The AUDUSD pair declined slightly as the market reacted to the decision by the Australian central bank. It is trading at 0.7180, which is lower than the intraday high of 0.7210.
In its October decision, the bank decided to leave the main interest rate unchanged at 0.25%. That was in line with what analysts polled by Reuters were expecting. It was also the eighth straight month that the bank has not tweaked rates.
The bank also decided to continue with its yield-curve control program. This is where it places a target for the three-year Australian government bonds and buys as much as possible to ensure that they remain in that target. In addition, the bank left its other financing tools unchanged.
The decision comes at a time when the Australian economy is on a recovery path. After sliding by 7% in the second quarter, analysts believe that the economy eked a gain in the third quarter. However, the second-wave of infections in the country has affected the recovery.
The AUDUSD also reacted to Australia’s trade numbers.
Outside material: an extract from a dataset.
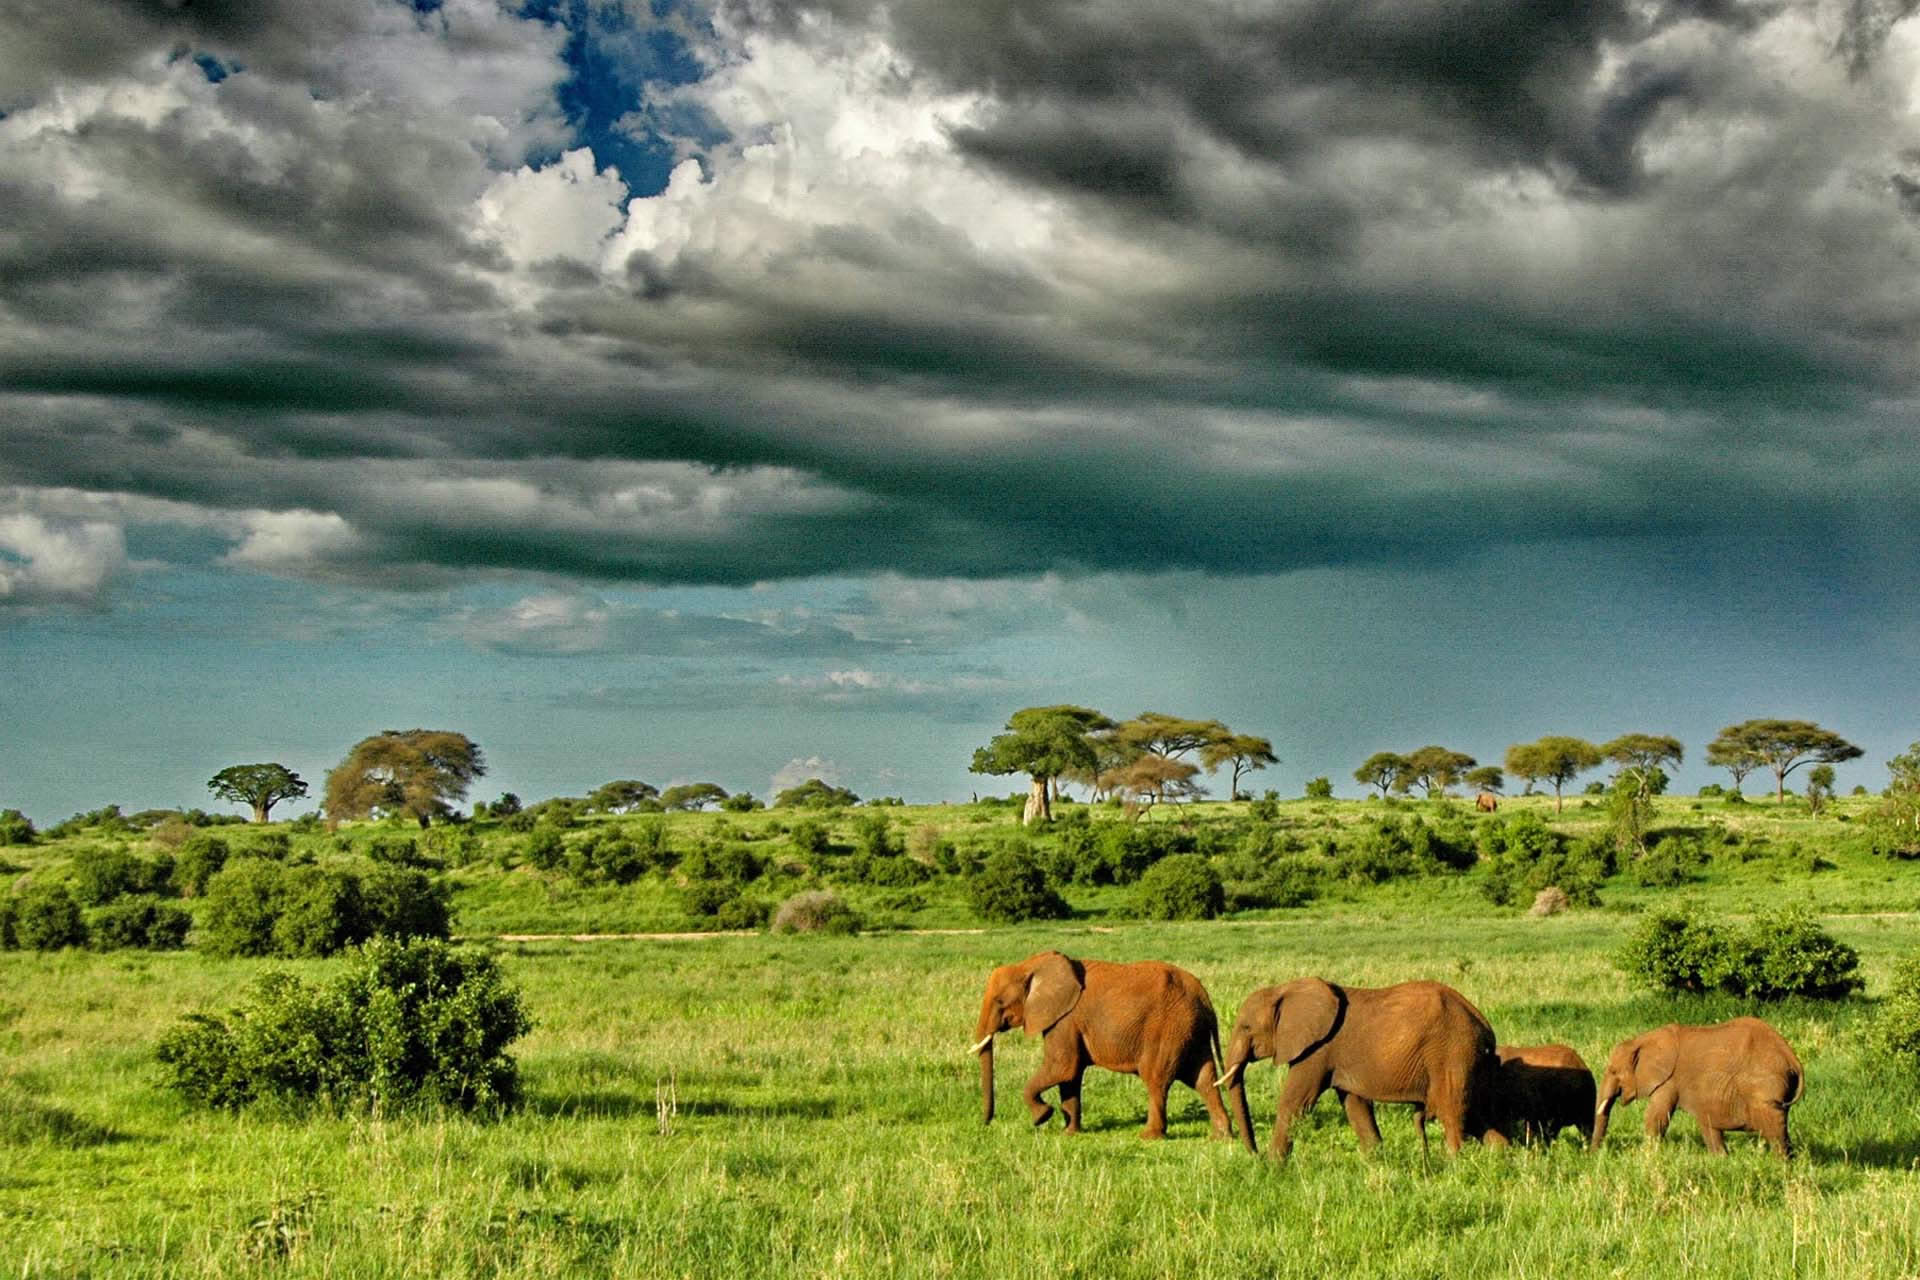 Best places to see Africa's elephants

Data from the bureau of statistics showed that the country’s exports declined by 4% in August while imports rose by 2%. These dynamics led to the trade surplus easing from more than $4.6 billion in July to $2.6 billion in August.
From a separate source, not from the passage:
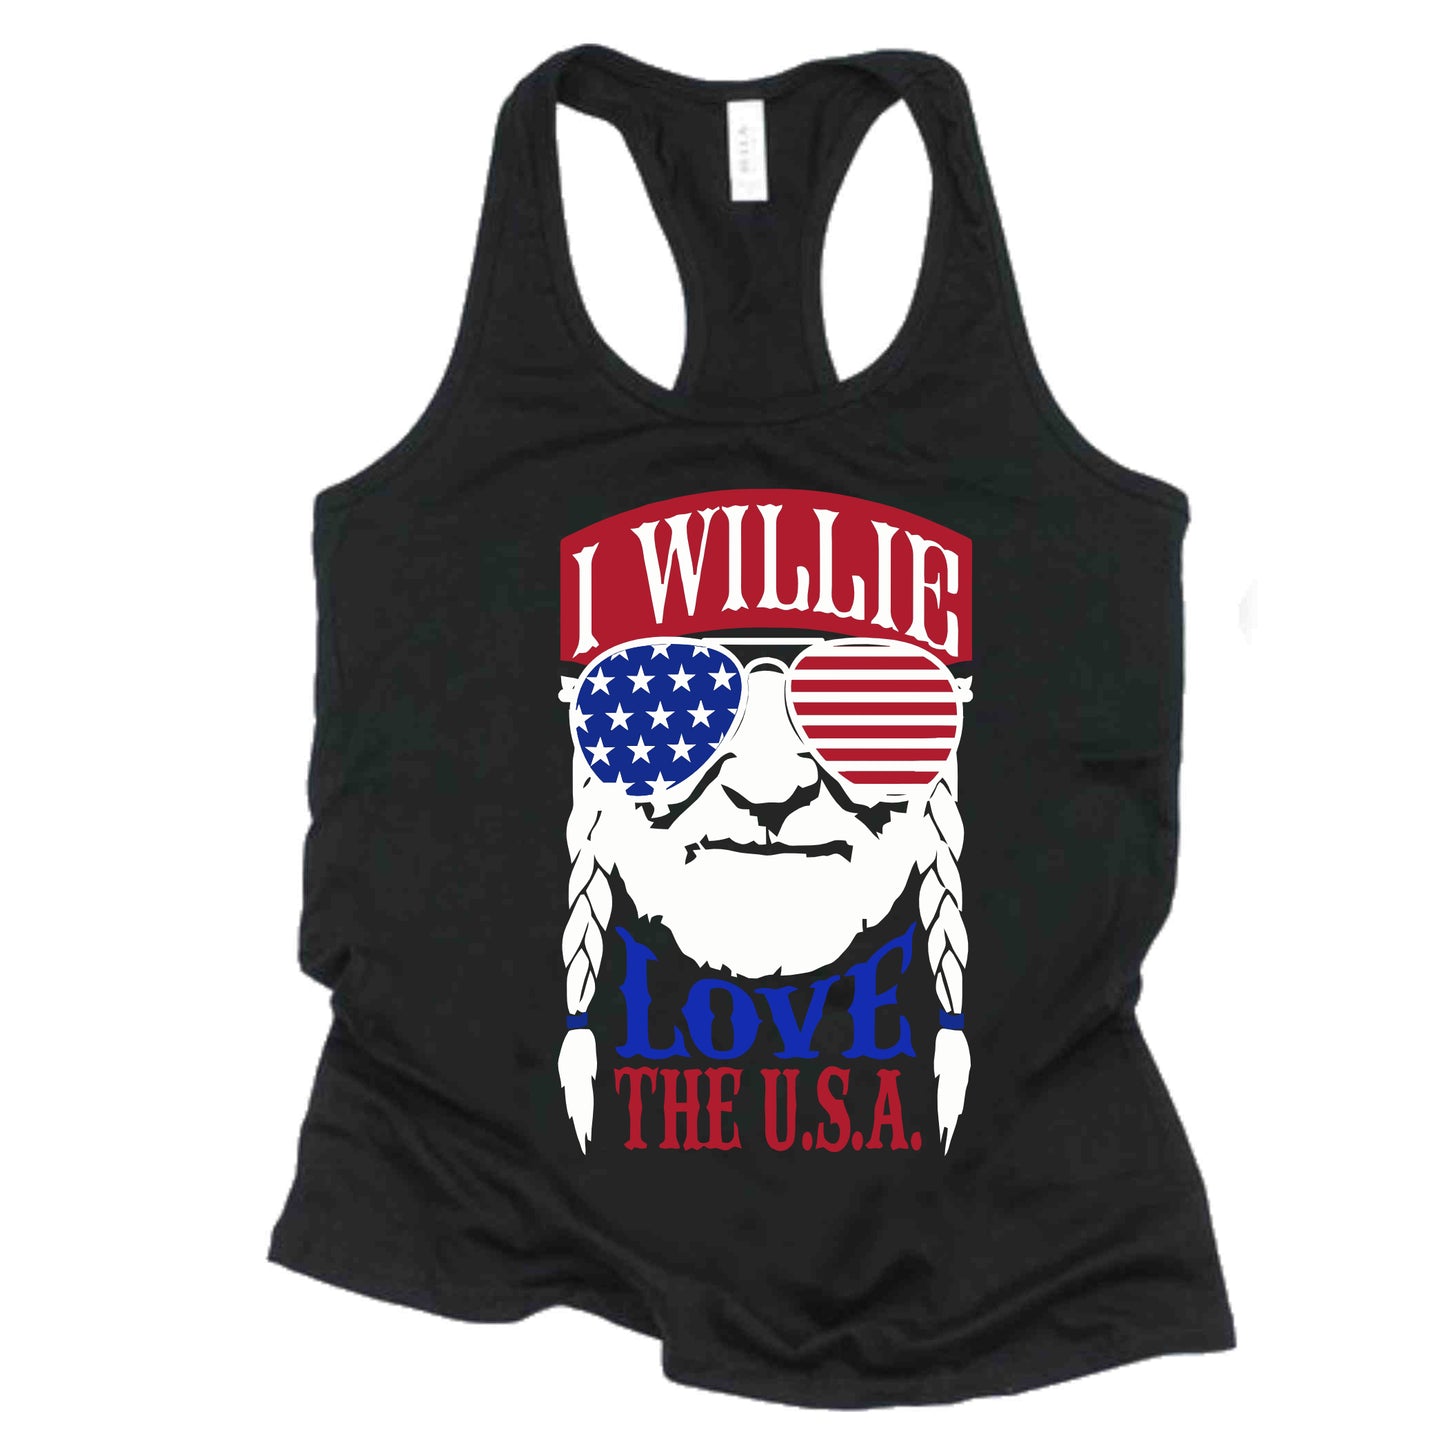 You'll Willie love our racerback tanks

The AUDUSD is trading at 0.7180. On the hourly chart, the price is below the today’s high of 0.7210, which was also the highest level on October 1. The price has also moved below the ascending green trendline that connects the lowest levels in September 25, October 2 and 5.
Also, it has moved below the 50% Fibonacci retracement level. This retracement joins the highest and lowest levels in September.
Therefore, by breaking the ascending support, it means that the pair will likely continue falling as bears aim for the 38.2% retracement at 0.7135. On the flip side, a move above the day’s high will invalidate this trend.